There she was able to raise five children and give them university education, adopt three more, and raise and educate at home more than 100 abandoned children who were collected on the streets or sent by their mothers to Luanda during the war years.

Her life has not been easy. Her husband drank and left home, leaving her with five young children: Ecson, Stanislao, Brigida, Luzia and Georgio. Then, when the Salesians started looking after street children and needed a mother for all of them, Berta quit her job.

In the late 1990s, she moved to a small house with her five children to take care of eight street children; a week later they were already 12 and a year later they were 25. “My older children helped me a lot and they were all brothers and sisters among them. I'd get up in the morning to prepare breakfast, get water for the bathroom, take them to school, take care of them when they were sick, everything was a sacrifice."

Berta has been and still is much more than a mother for all of them, as well as a symbol for the whole neighborhood, because she takes time to visit the sick and be a guide in the community, as a teacher, catechist, nurse, bricklayer ... " I already feel some pain, but I want to consume myself in giving myself to others."
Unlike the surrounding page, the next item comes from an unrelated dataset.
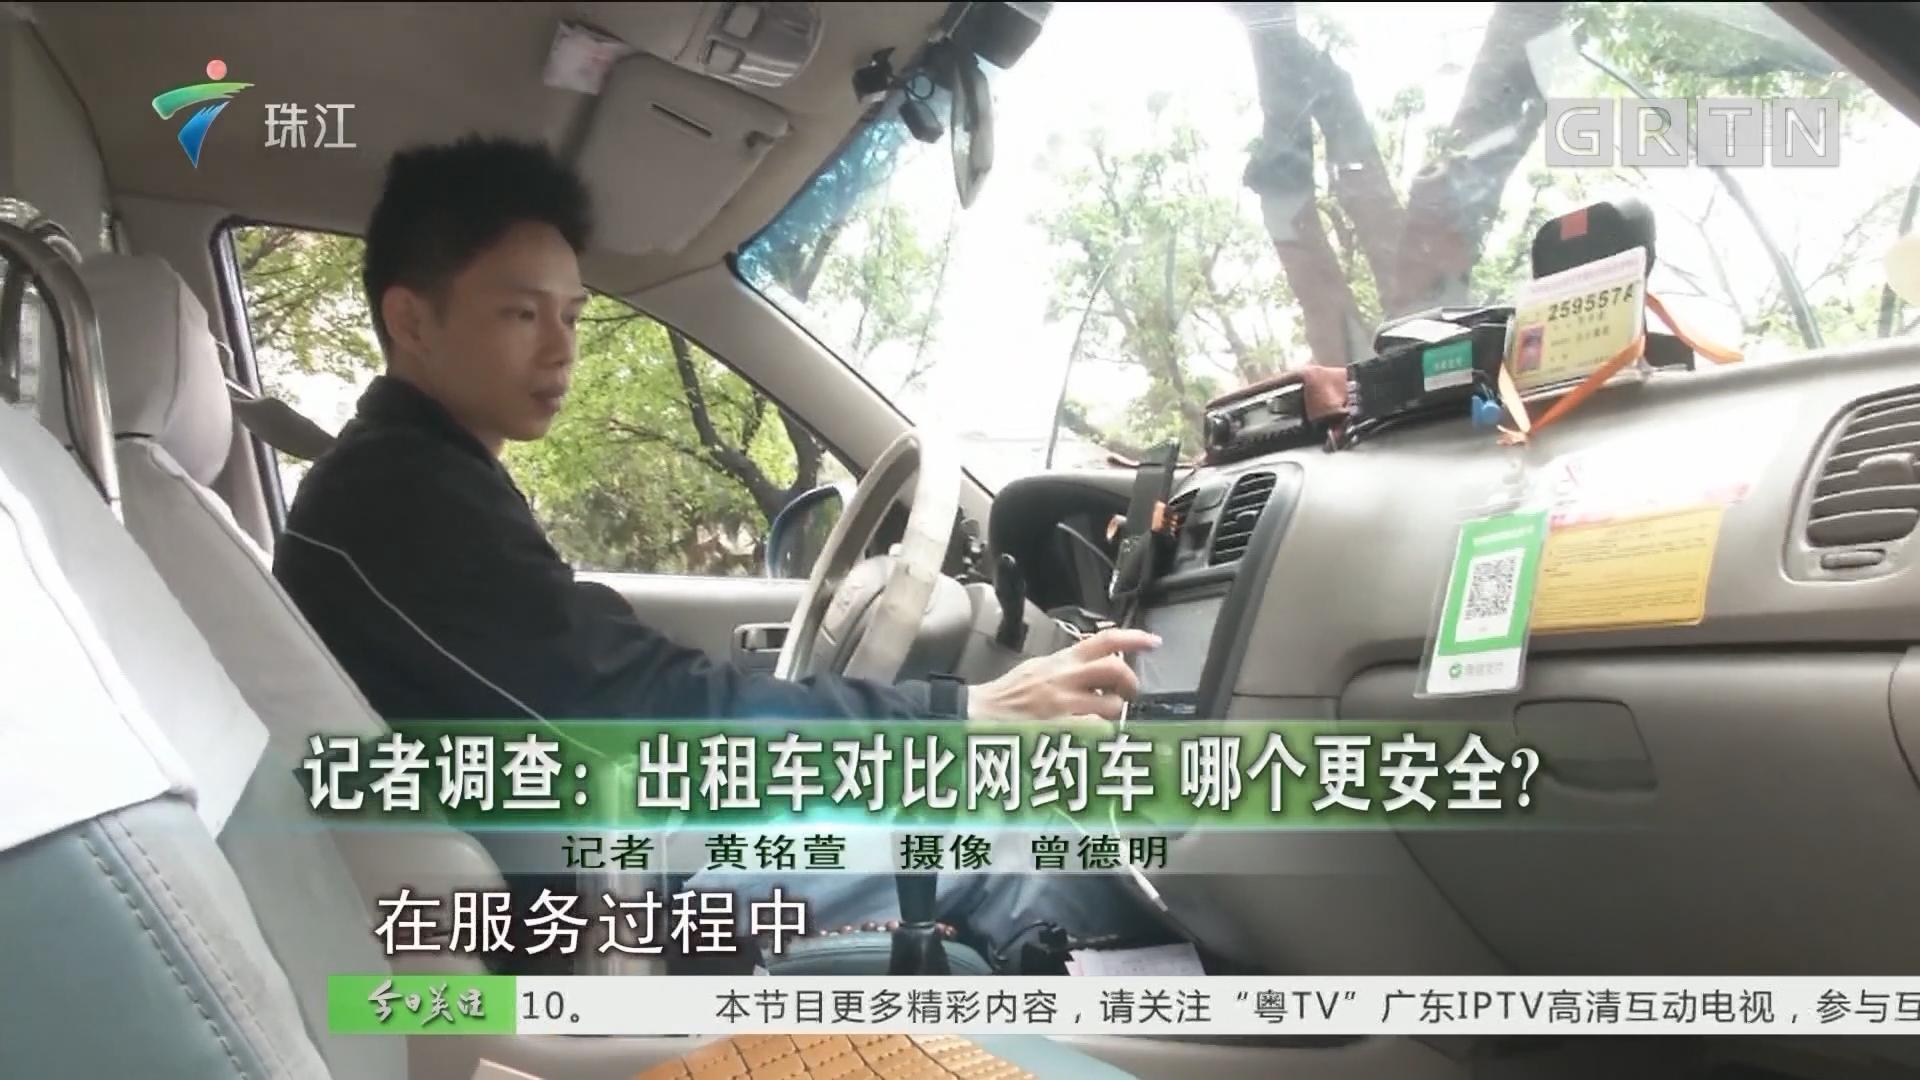 记者调查:出租车对比网约车 哪个更安全?

"The missionaries told me that the Lord chose me. They helped me to discover that we must give ourselves to others, like Don Bosco. On one occasion I thought about throwing in the towel, but the Lord and Mary Help of Christians have always helped me," she assures.
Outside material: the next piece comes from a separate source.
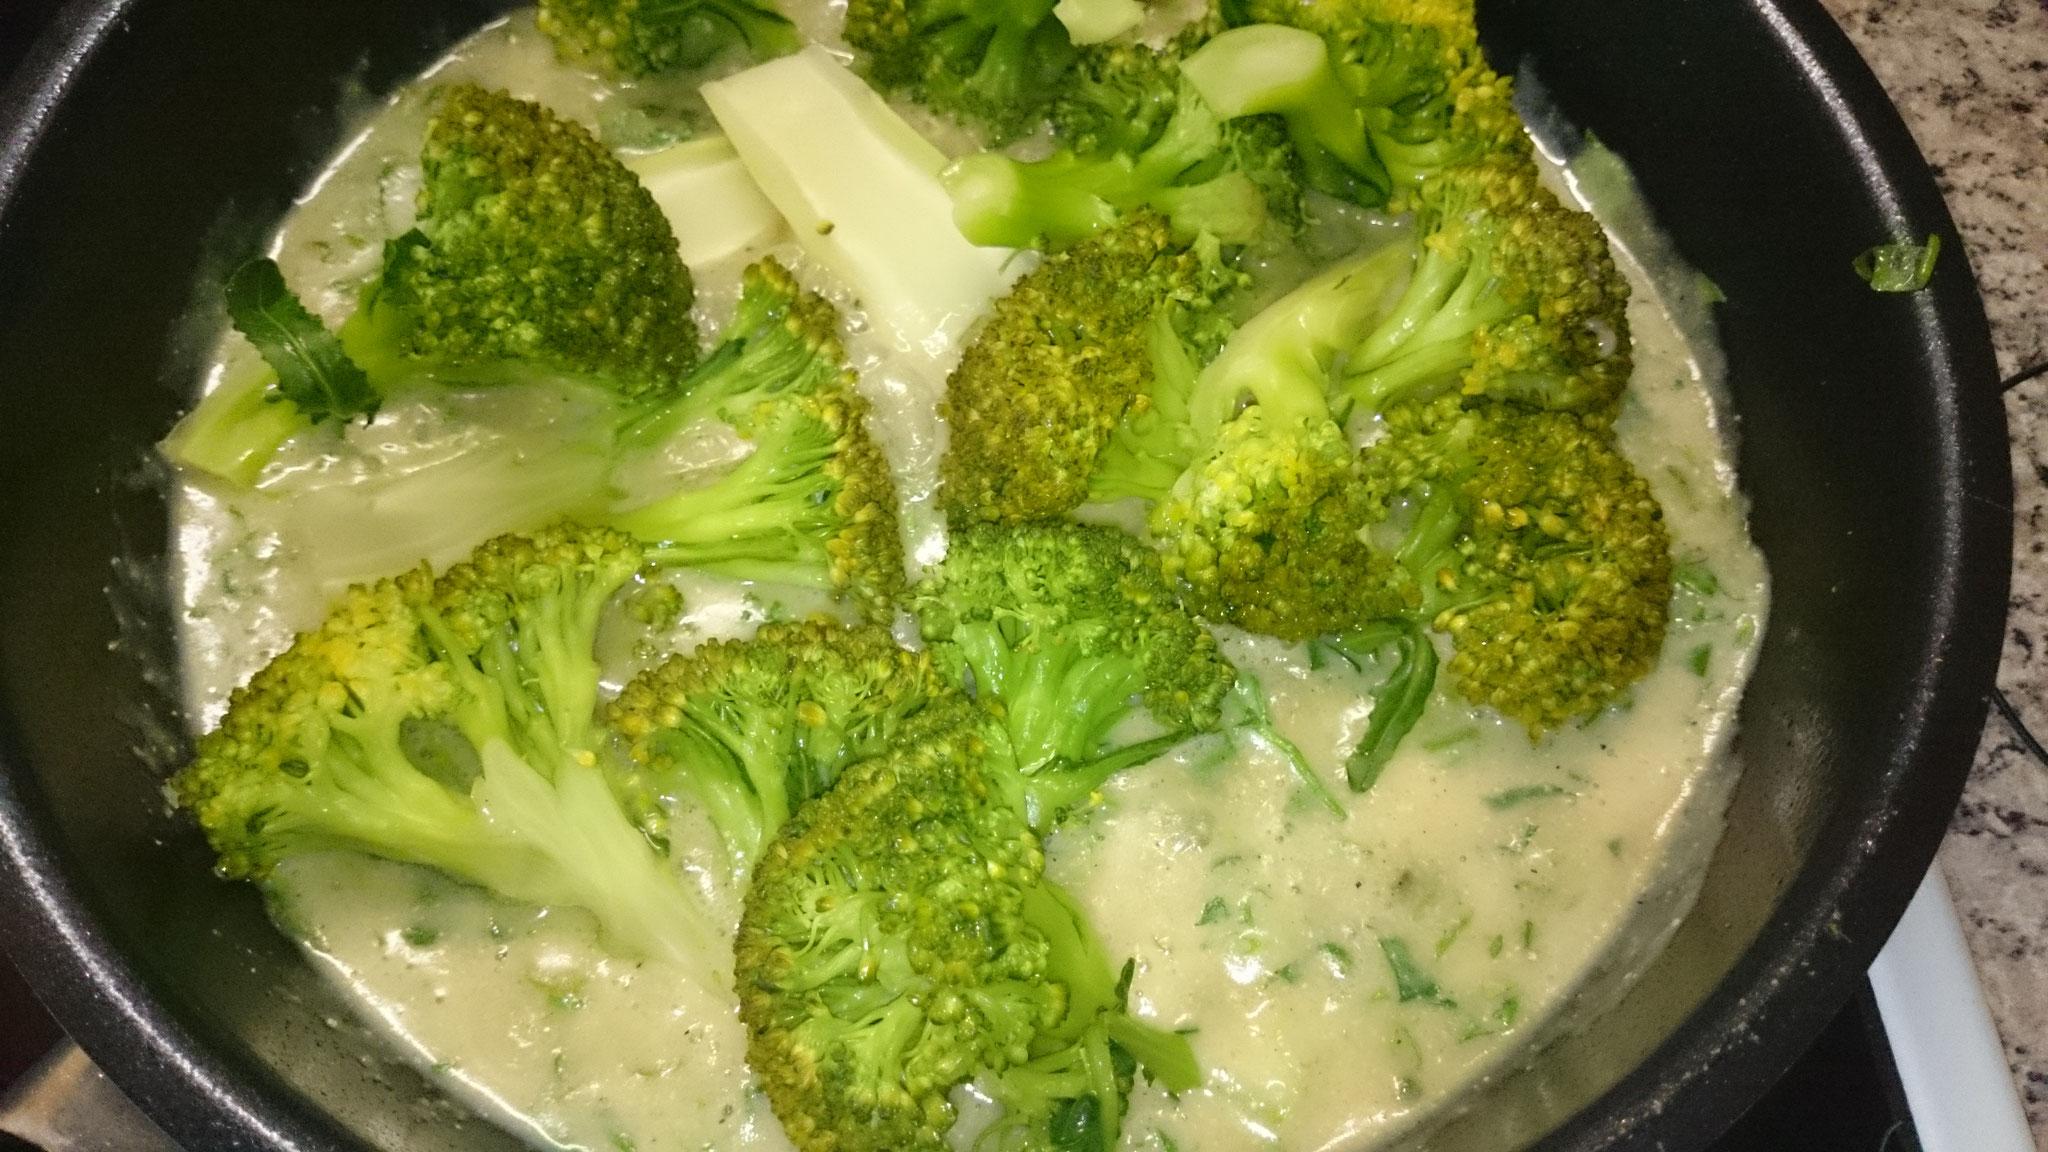 gedünsteter Brokkoli in veganer Käsesauce

Berta knows the life of Mamma Margherita, for this reason, she says: "The same things have happened to me, sometimes the boys stole from me, too, but when you work with your heart everything is easier," and, she adds, "everything is God's work. We have managed to help many children by preparing them to return to their families and to society, restoring their dignity to them. I don't know how to thank God and Don Bosco for this."

Berta's greatest pride is the over 100 children who have passed through her house and whom she has always treated as her children: "The children I have had have been exemplary."